Lawmakers described the trend as evidence of deepening gaps in access to reproductive healthcare services.
The Senate discussions also exposed what lawmakers termed a longstanding pattern of disbursement failures and underfunding of family planning programmes over several financial years.
“The gap between allocation and disbursement is not a technical matter; it is a governance failure of the highest order,” the statement said.
KYPA is now calling on the National Treasury to urgently release the funds, while parliamentary committees investigate persistent delays in the disbursement of family planning allocations.

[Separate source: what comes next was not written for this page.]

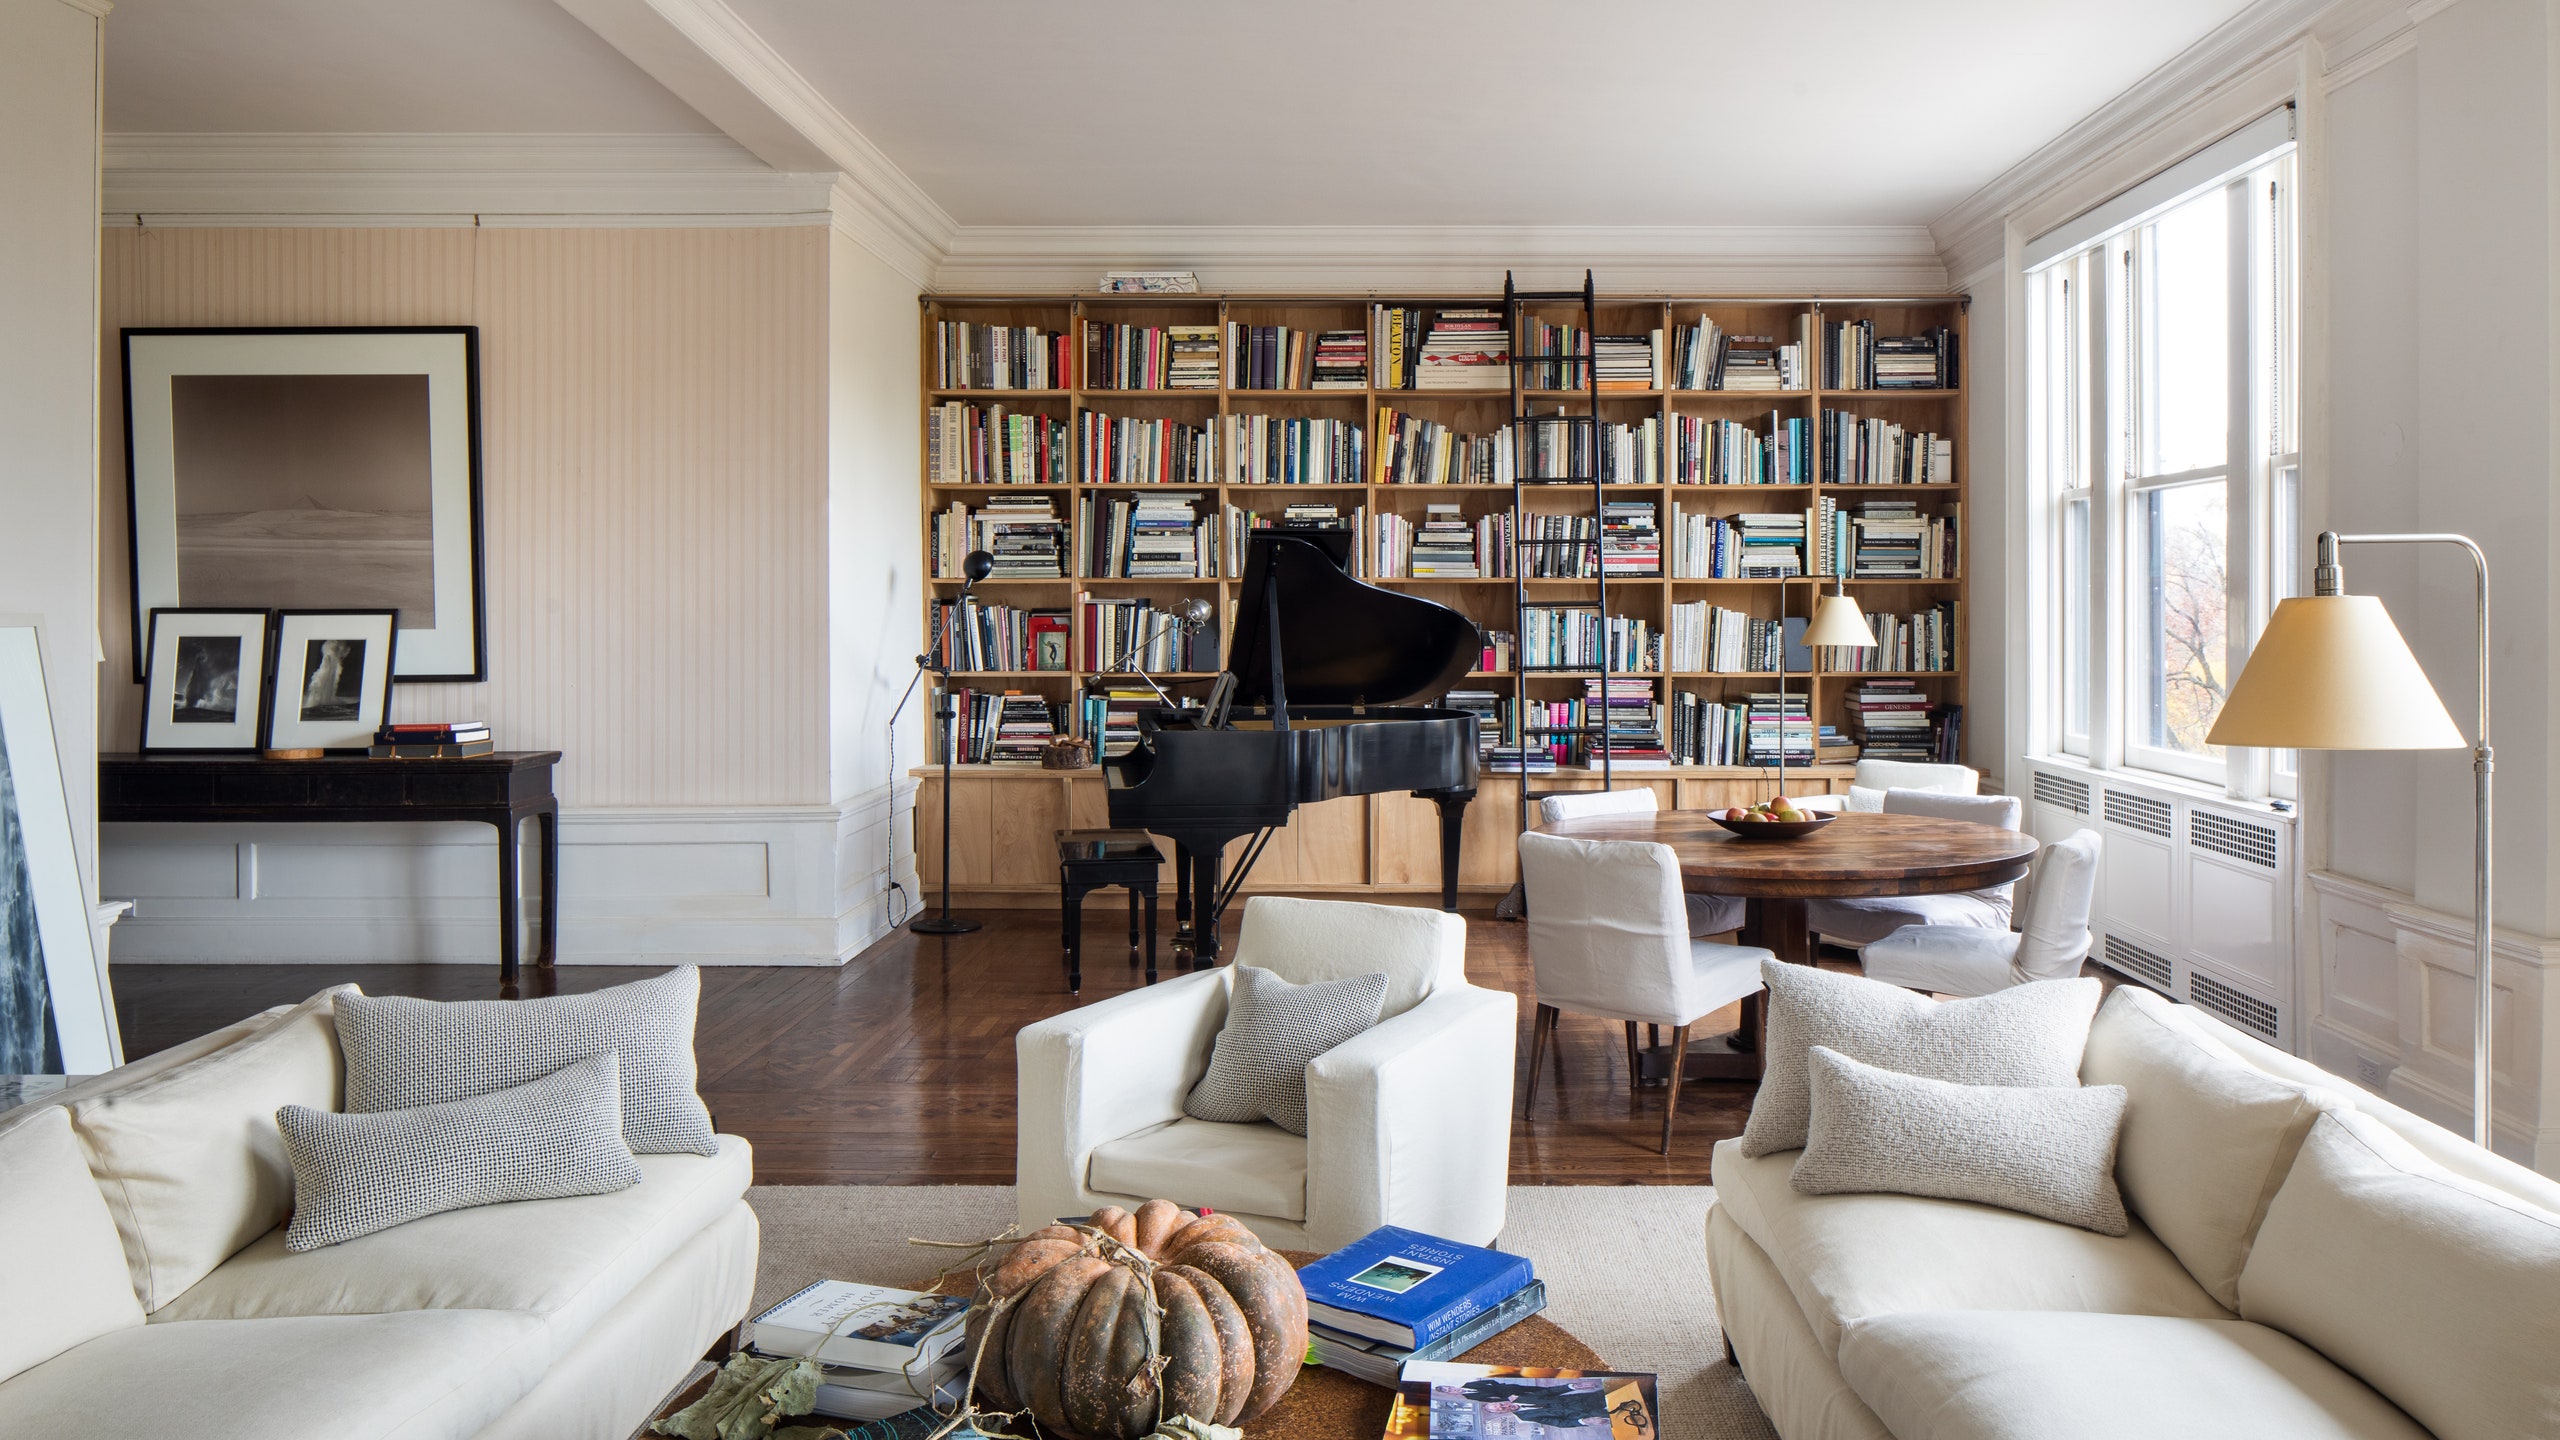 The main living space in Annie Leibovitzs Upper West Side home.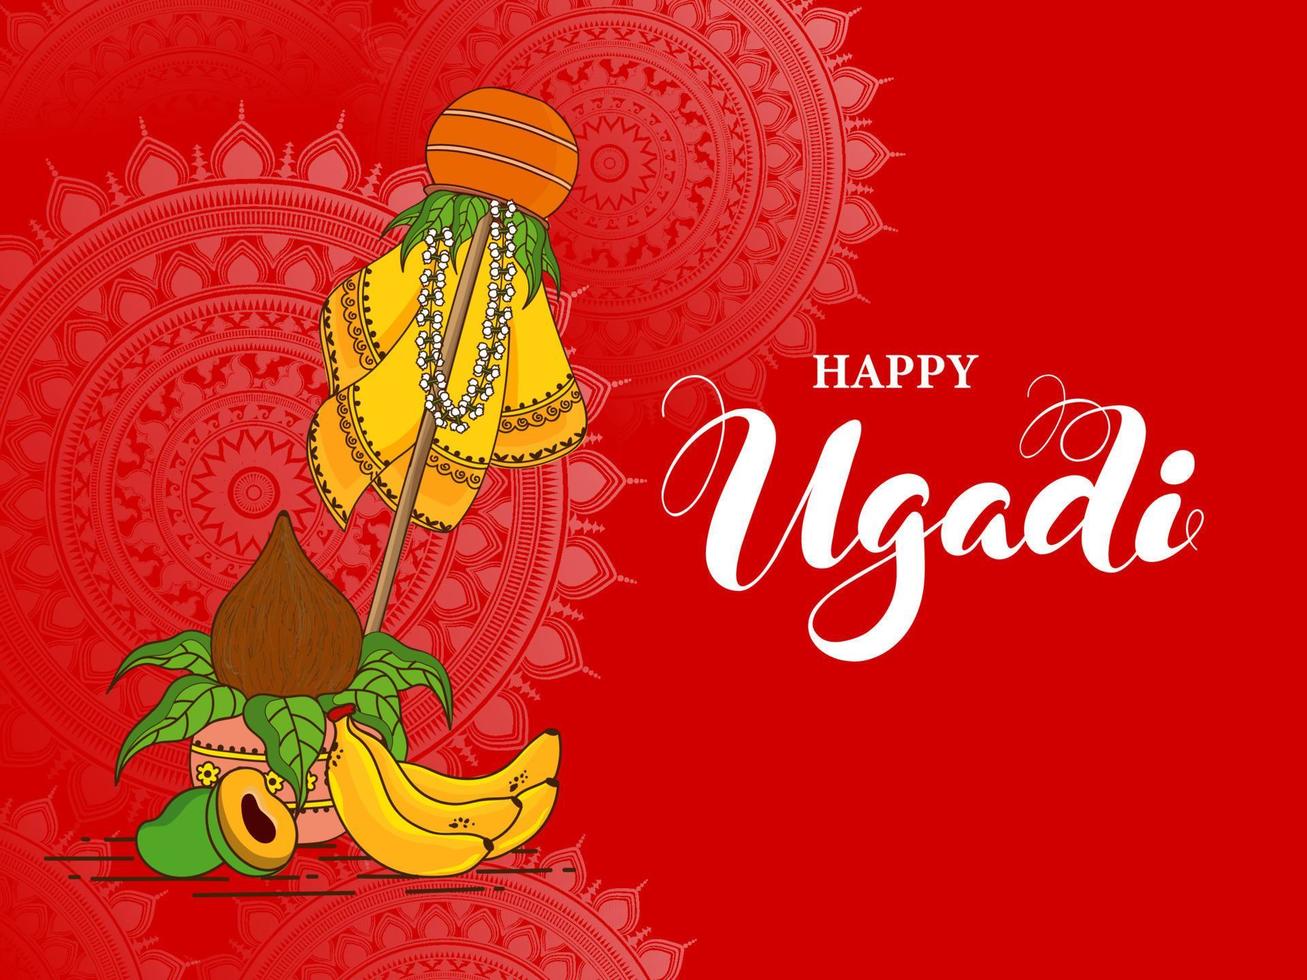 Happy Ugadi Celebration Concept with Traditional Gudhi, Fruits and Worship Pot on Red Mandala Pattern Background. vector

The lawmakers also want KEMSA to submit updated national stock reports for all family planning commodities to support parliamentary oversight and intervention.
The lawmakers have been working in collaboration with key reproductive health and development partners.
They include the Kenya Women Parliamentarians Association (KEWOPA), the Ministry of Health RMNCAH Department, National Council for Population and Development (NCPD), United Nations Population Fund (UNFPA) and the Health NGOs Network (HENNET).
Others are Population Services Kenya (PSKenya), Jhpiego, Plan International, Reproductive Health Network Kenya (RHNK), Marie Stopes SRHR Alliance, and Wanahabari to advance family planning advocacy, financing, accountability, and commodity security in Kenya.